From what I have read, I think you can use this to make Julia’s internal parallelism use the fast (Infiniband) interconnects of an HPC, getting you the right speed but also giving you an easier programming model. Otherwise Julia reverts to TCP?

That said, I forget where I read that… and haven’t given it a try. Hopefully, someone does know this and will clarify. I am interested in starting to do something like this as well.

andreasnoack · March 16, 2017, 1:03am

MPI.jl works fine with 0.5. It probably needs some updates before it works with 0.6 though. The comment about 0.4 only covers the MPIManager and it was added when 0.3 was the latest released version of Julia.

You are not the first to show interest for distributed memory FFTW but I’m not aware of anybody who has wrapped the functionality yet. It might be possible to get it work with a combination of MPI.jl and DistributedArrays.jl but it will require some work.

barche · March 16, 2017, 10:35am

Are the Julia constructs compared somewhere against MPI? How does this work together with e.g. Infiniband? Or is MPI still used in the backend somehow?

antoine-levitt · March 17, 2017, 7:23am

+1 on the original question. I’d love to see any return of experience from a julia port of a “standard” scientific computing application using e.g. MPI+OpenMP with FFTs and distributed linear algebra, and use on supercomputers. For all the talk about julia being “Designed for parallelism and distributed computation” this is strangely lacking.

Pbellive · March 17, 2017, 7:40pm

The Cluster Managers with custom transports section in the Julia documentation has a little information on creating custom transport layers for Julia’s native distributed memory parallelism. There’s an example in the Julia distribution of an implementation using the zmq library. I’ve had a thorough look through the internet for an infiniband implementation but haven’t been able to find one. I looked into doing it myself and it looks like a lot of work. However, I know very little about networking so maybe it wouldn’t be so bad for an expert.

On a personal note, I’ve found Julia’s native parallel programming constructs to work great for very coarse grained embarrassingly parallel calculations. I’d love to see some examples of pure Julia implementations of algorithms with more complex communication patterns. Coming from an MPI programming background the Julia constructs seem quite awkward for this but it could well be that I’m just missing something—I should really try to get a deeper understanding of channels and RemoteChannels.

John_Gibson · March 22, 2017, 5:18pm

@ChrisRackaukus and @andreasnoack, thanks for the clarifications and advice.

@antoine-levitt: Agreed. I have high hopes for Julia as a game-changer in scientific computing, and I think that a real distributed-memory scientific HPC code would be an important demonstration of Julai’s potential to replace the ageing and painful C/Fortran/MPI framework.

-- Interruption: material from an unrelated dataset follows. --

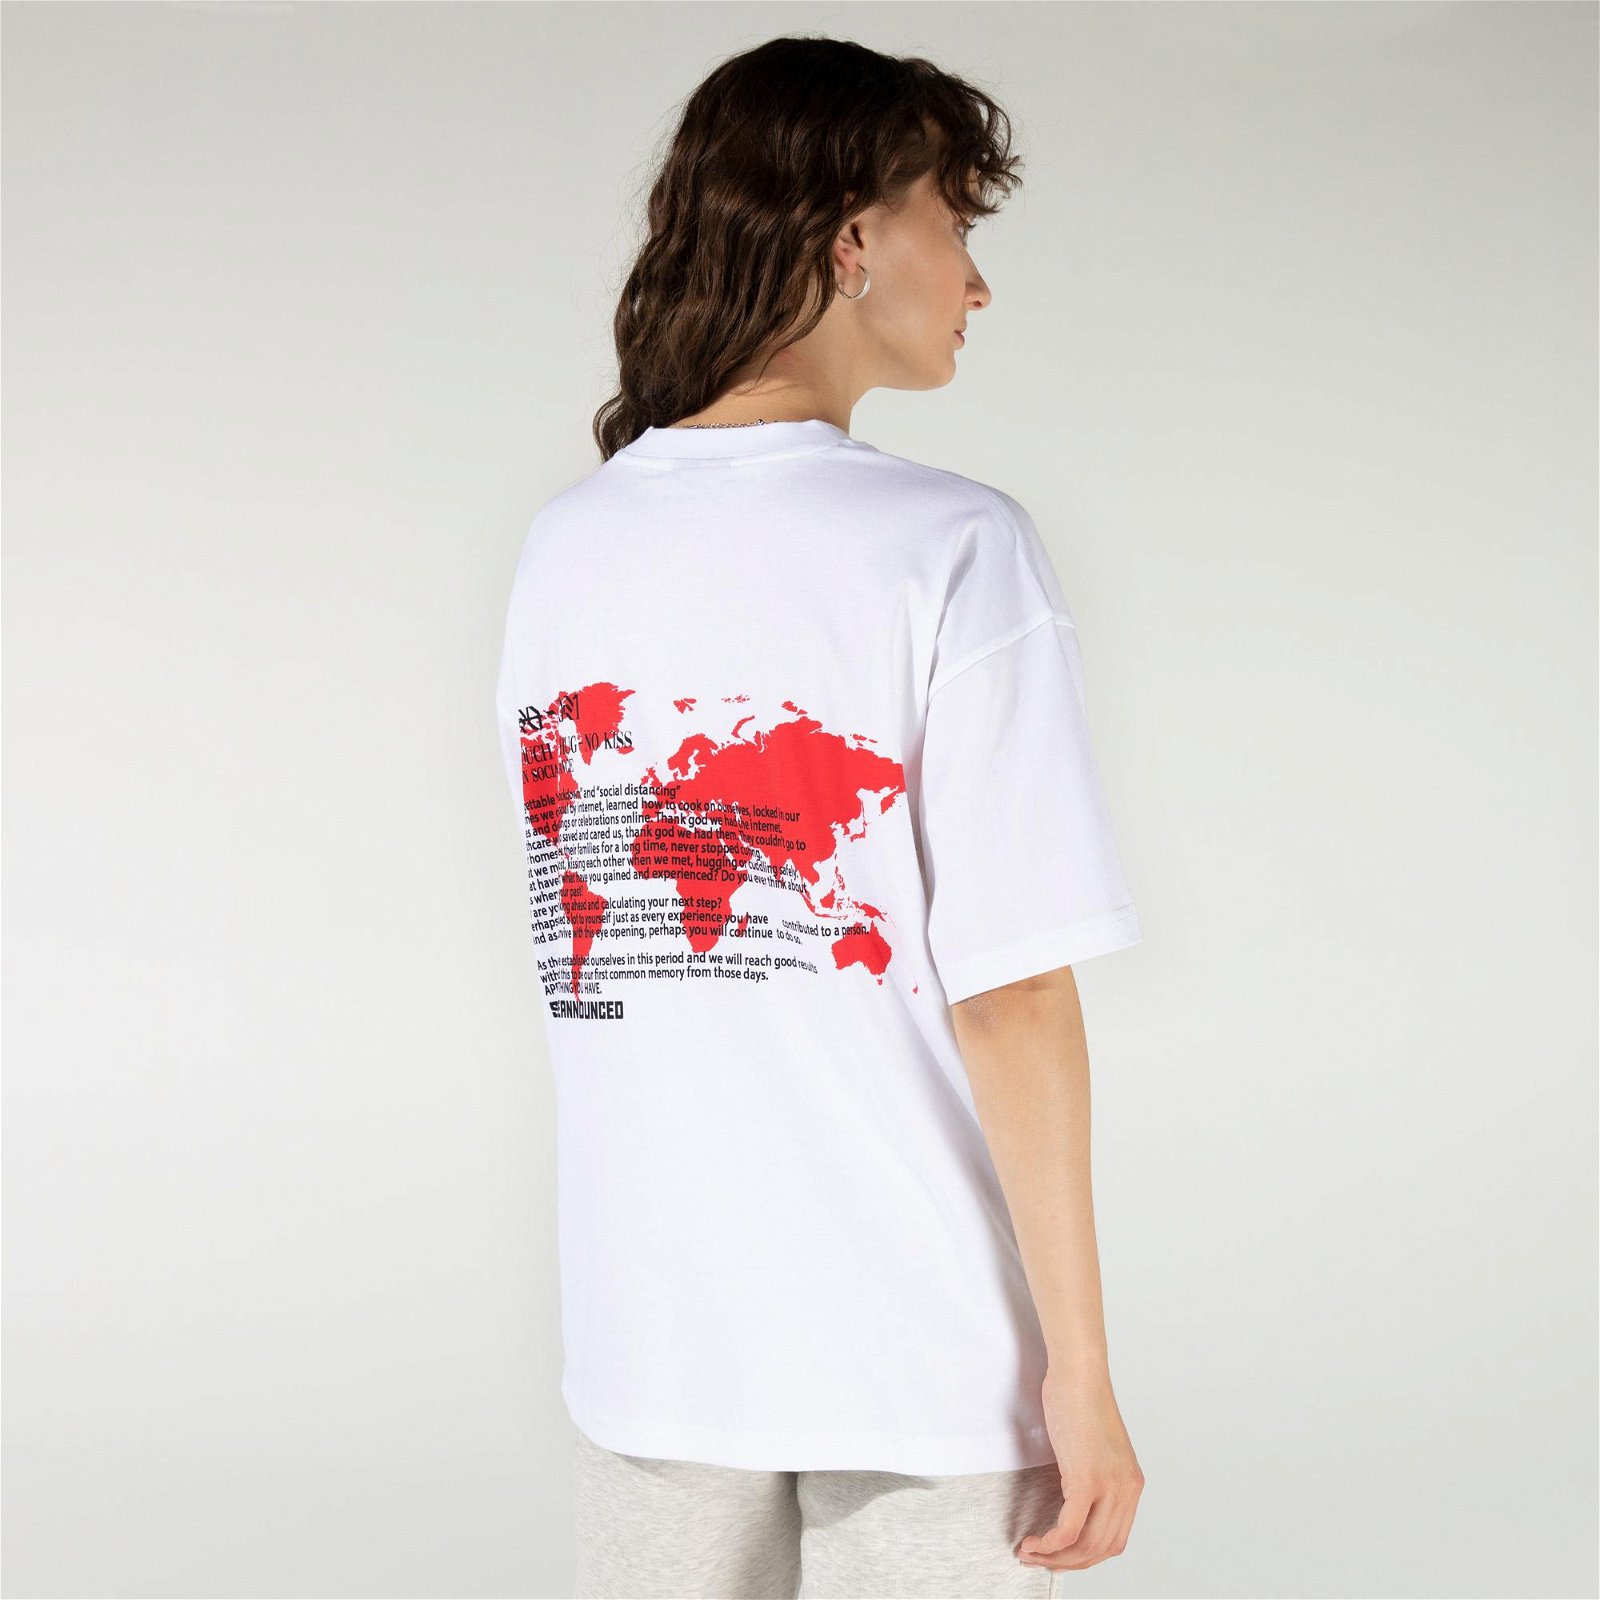 SOONTOBEANNOUNCED 2020-2021 Printed Unisex Beyaz T-Shirt

I recently gave a “Why Julia?” talk to a group of fluid dynamicists, and this was the main response I got: show me benchmarks of a Julia HPC code against C and Fortran.

I think my work is cut out for me: try to get distributed-memory FFTW in Julia working and coordinated with DistributedArrays.jl and MPI.jl. Once that’s in place, write a parallel fluid simulation code. Piece of cake!

ChrisRackauckas · March 22, 2017, 6:06pm

John_Gibson · March 23, 2017, 6:58pm

@stevengj : What are the prospects for getting distributed-memory FFTW in Julia working with DistributedArrays? Is there a fundamental structural clash between C/MPI FFTW and DistributedArrays.jl that makes it difficult and unlikely, or is it clear how to do it and just not done yet?

Sorry to poke you individually, but you’re the expert on this. I’m willing to do the work if I can, but I will need some guidance.

stevengj · March 23, 2017, 7:45pm

At first glance, I don’t think there should be any particular problem, since DistributedArrays.jl lets you specify the distribution. So, you would specify the same distribution as FFTW, adjusted for row-major vs. column-major (i.e. divided long the last dimension in Julia, corresponding to the first dimension in FFTW), create a plan, and execute it on the local part of the array in each process.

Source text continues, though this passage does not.